It’s time to talk about that awful guy you dated for way longer than you care to admit. We want the story. There’s nothing to be ashamed of. We’ve all done it. And I firmly believe that having a bad boyfriend is the key to appreciating a good one. After the jump, Frisky staffers open up about the bad boys from our dark pasts. We’re really, really happy these relationships are over. Your turn to share!
“Mine was a techie dude I dated when I was 21. I thought he was creepy for the longest time so obviously, it was a brilliant idea to date him. Let’s see, where to start? He would HANG UP THE PHONE on me if we fought. Who does that? Are we in middle school?!? He would punch the wall when he was angry. He once grabbed my hand in it and crunched it in his fist when he was upset. He earned four times as much money as I did ($80K versus $20K) and never offered to pay for anything for me when we went out. He criticized the TV shows and movies I liked to watch and in a douchey, not teasing, way. He told me I gained weight after we’d been dating a few months. He insulted my clothes all the time and we eventually broke up after we had a fight about a sweater I was wearing that he hated. He tried to weasel out of spending holidays at my parents house and always wanted to be with his family instead. He stuck up for my brother no matter what he did, despite the fact that my brother is a drug addict. And the piece de resistance: he wouldn’t introduce me to his mother or his brother. “
“My worst bad boyfriend was actually a guy I was super good friends with first. He begged me to date him, and I finally relented. But … he was terrible as a boyfriend. Really cold, but also demanding and judgmental. We broke up after I found an email he wrote about me (he left his email open on my computer), telling a friend of his “my girlfriend is a bad dresser with a stupid haircut who only eats junk food and is a bad lay that never wants to have sex.” Meanwhile, of course, he could barely get it up for longer than two minutes. For a long time, I felt totally humiliated by it, and then I realized that he should feel like a d**k, not me.”
“Mine was an alcoholic, bisexual rocker dude that I met when I was 18. We dated three separate times over the course of many years. Every time he was a complete jerk. I should have known better. Some of his finest moments included leaving me sitting outside of his apartment in a bad neighborhood until 3 a.m. because he was out getting drunk, standing me up one night after calling to tell me he was on the way but never showing up, and my favorite … when I was over at his place one night he was drunk and started throwing his furniture out of his 10th story window. We had sex and then he kicked me out afterward. He tried to apologize to me by buying me McDonald’s french fries. What a winner! No wonder I have post-traumatic dating syndrome.”

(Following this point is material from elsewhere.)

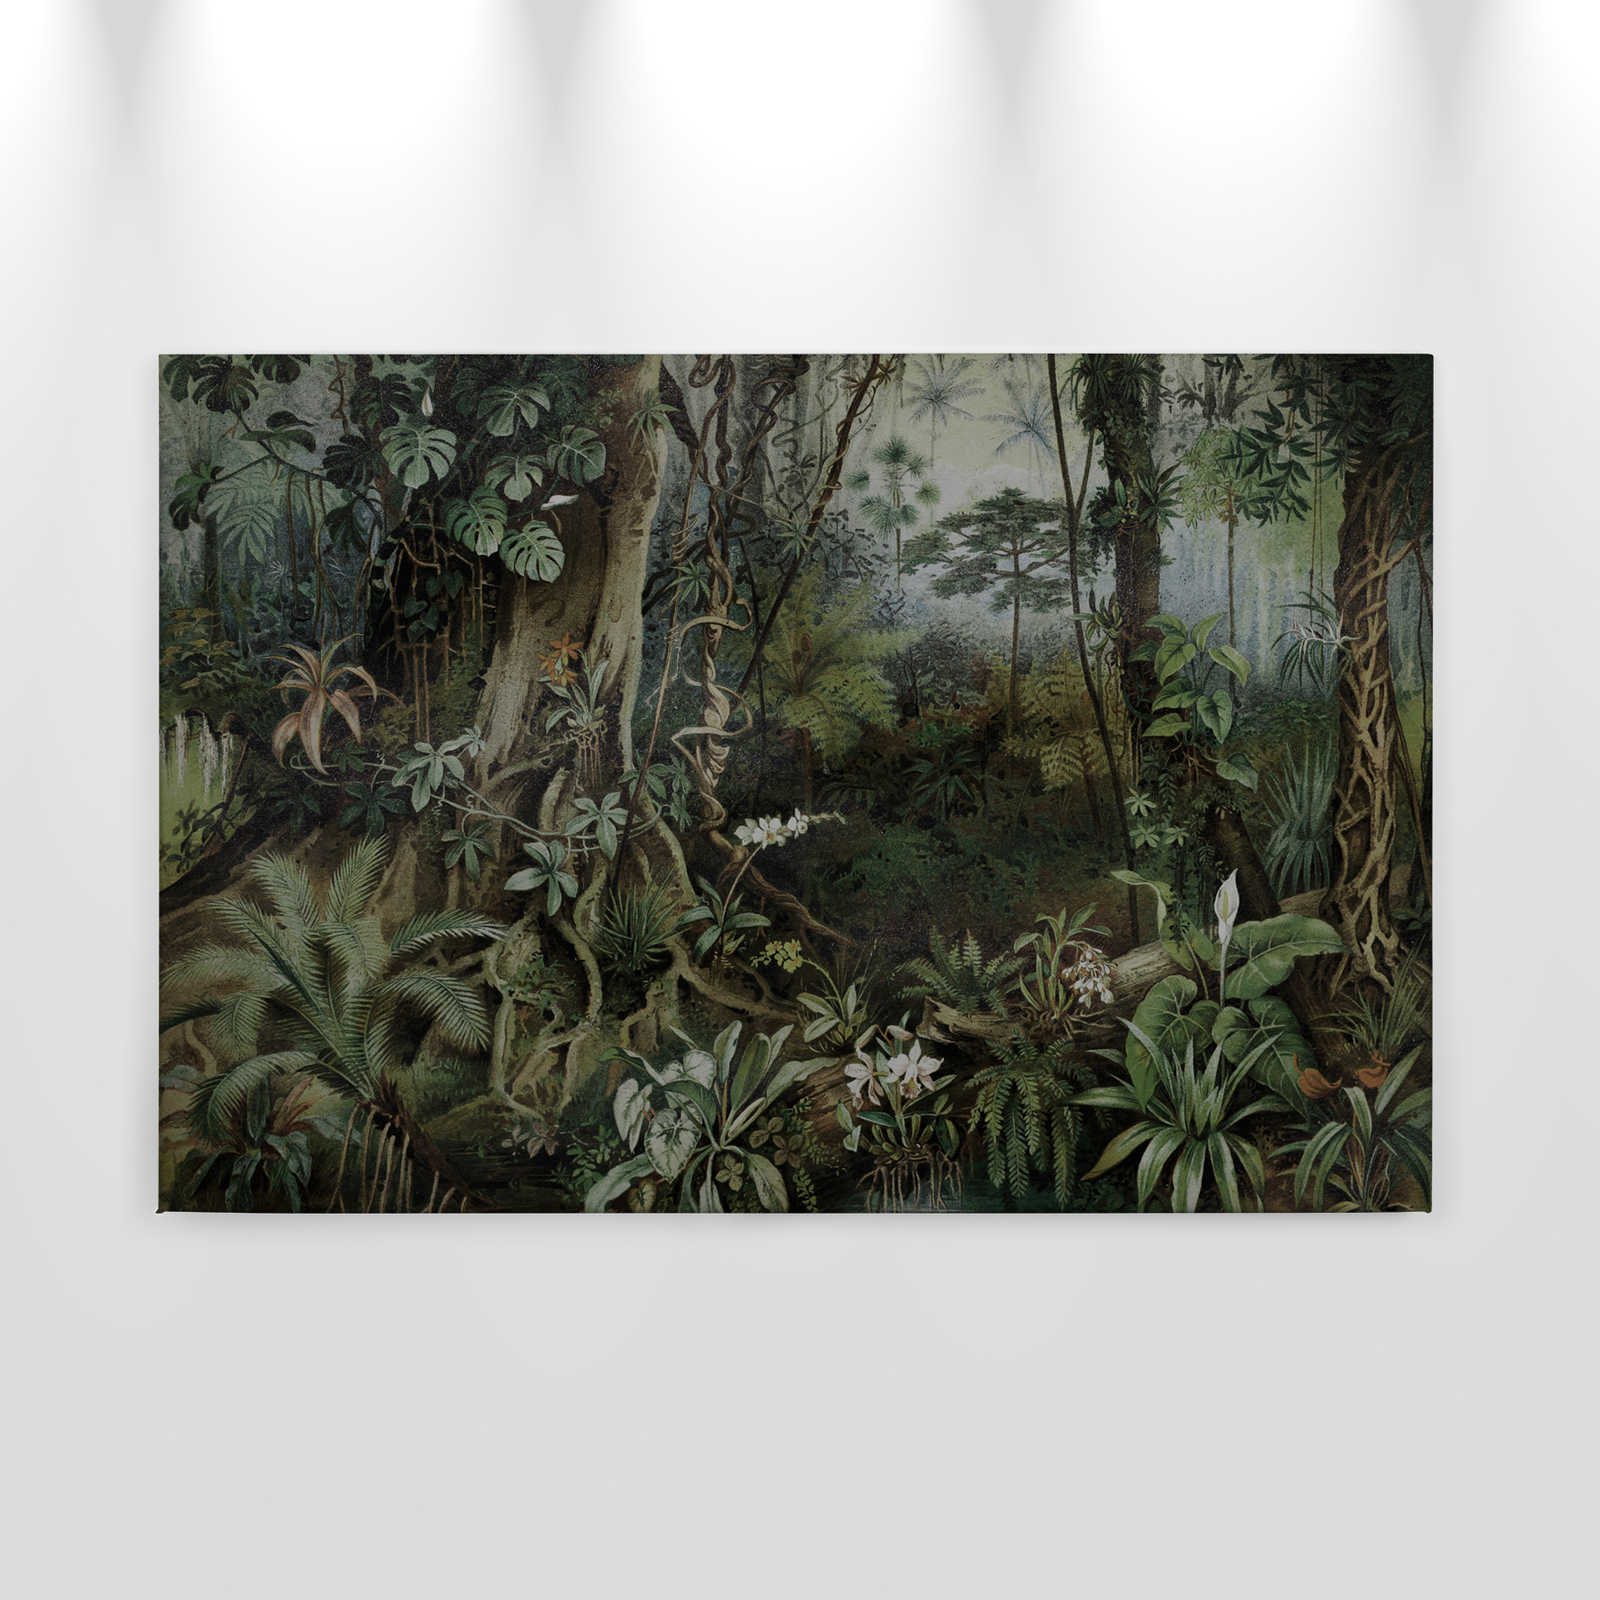             Quadro su tela Jungle in stile disegno | pareti di Patel - 0,90 m x 0,60 m
        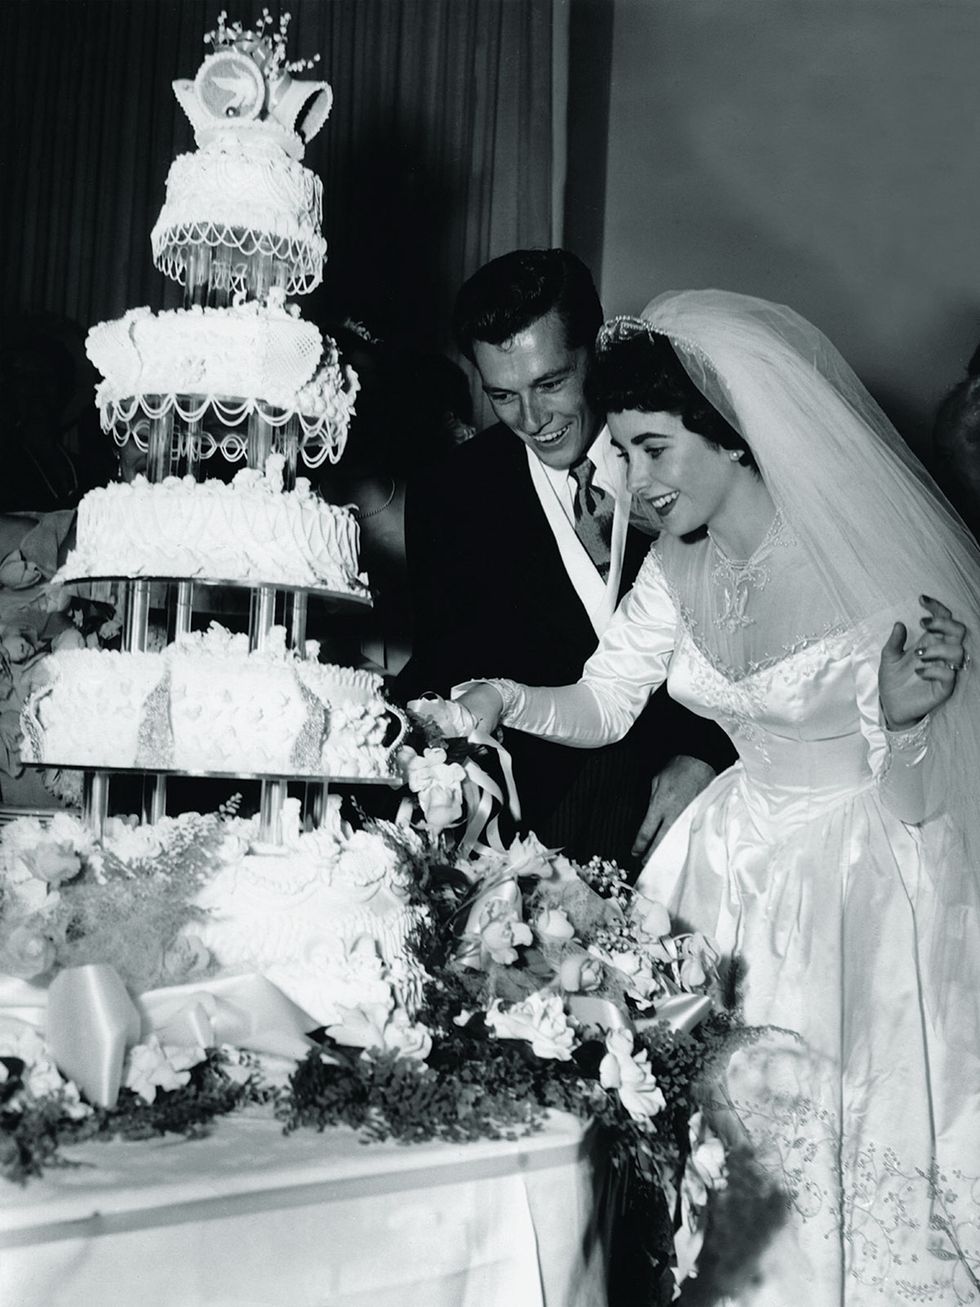 Photograph, Wedding cake, White, Black, Cake decorating, Wedding ceremony supply, Black-and-white, Cake, Icing, Sugar cake,

“Mine was the guy I dated when I was 22 or 23. In retrospect, the issue was that he just wasn’t that into me. Me now would have broken up with him after two months. Me then stayed with him for about a year and a half. The first problem—he would never have sex with me. Not once. In a year and a half. And yes, I begged. He was brought up Catholic and thought he’d wait until marriage. Only he didn’t—he had lost his virginity to the girlfriend before me and told me about having lots of sex with her. I guess he didn’t deem me worthy of being the second to experience his peen? He always said bizarre stuff to my friends and family and made me cry in public multiple times. He eventually broke up with me because he ‘wouldn’t jump off a cliff for me.’ I was devastated at the time, but really it was a blessing.”
“I dated this guy in college who showed up to my house in the middle of the night because he was running to evade the cops.”
“I had a boyfriend who prioritized playing group videogames like “World of Warcraft” with his friends before bed over having sex with me. While he played he would say stuff like “You’re getting raped!” and “I’m totally raping you!” He never kept soap in his bathtub. He was also the worst workaholic I’ve ever seen in my life. I mean, seriously, he was interviewed in the New York Times about being a workaholic once. Why I thought this made him boyfriend material was beyond me. He also dumped me by taking me out to dinner and then to a coffee shop before he said we should break up.”
OK, Frisky readers—fess up! Who’s the bad boyfriend in your past?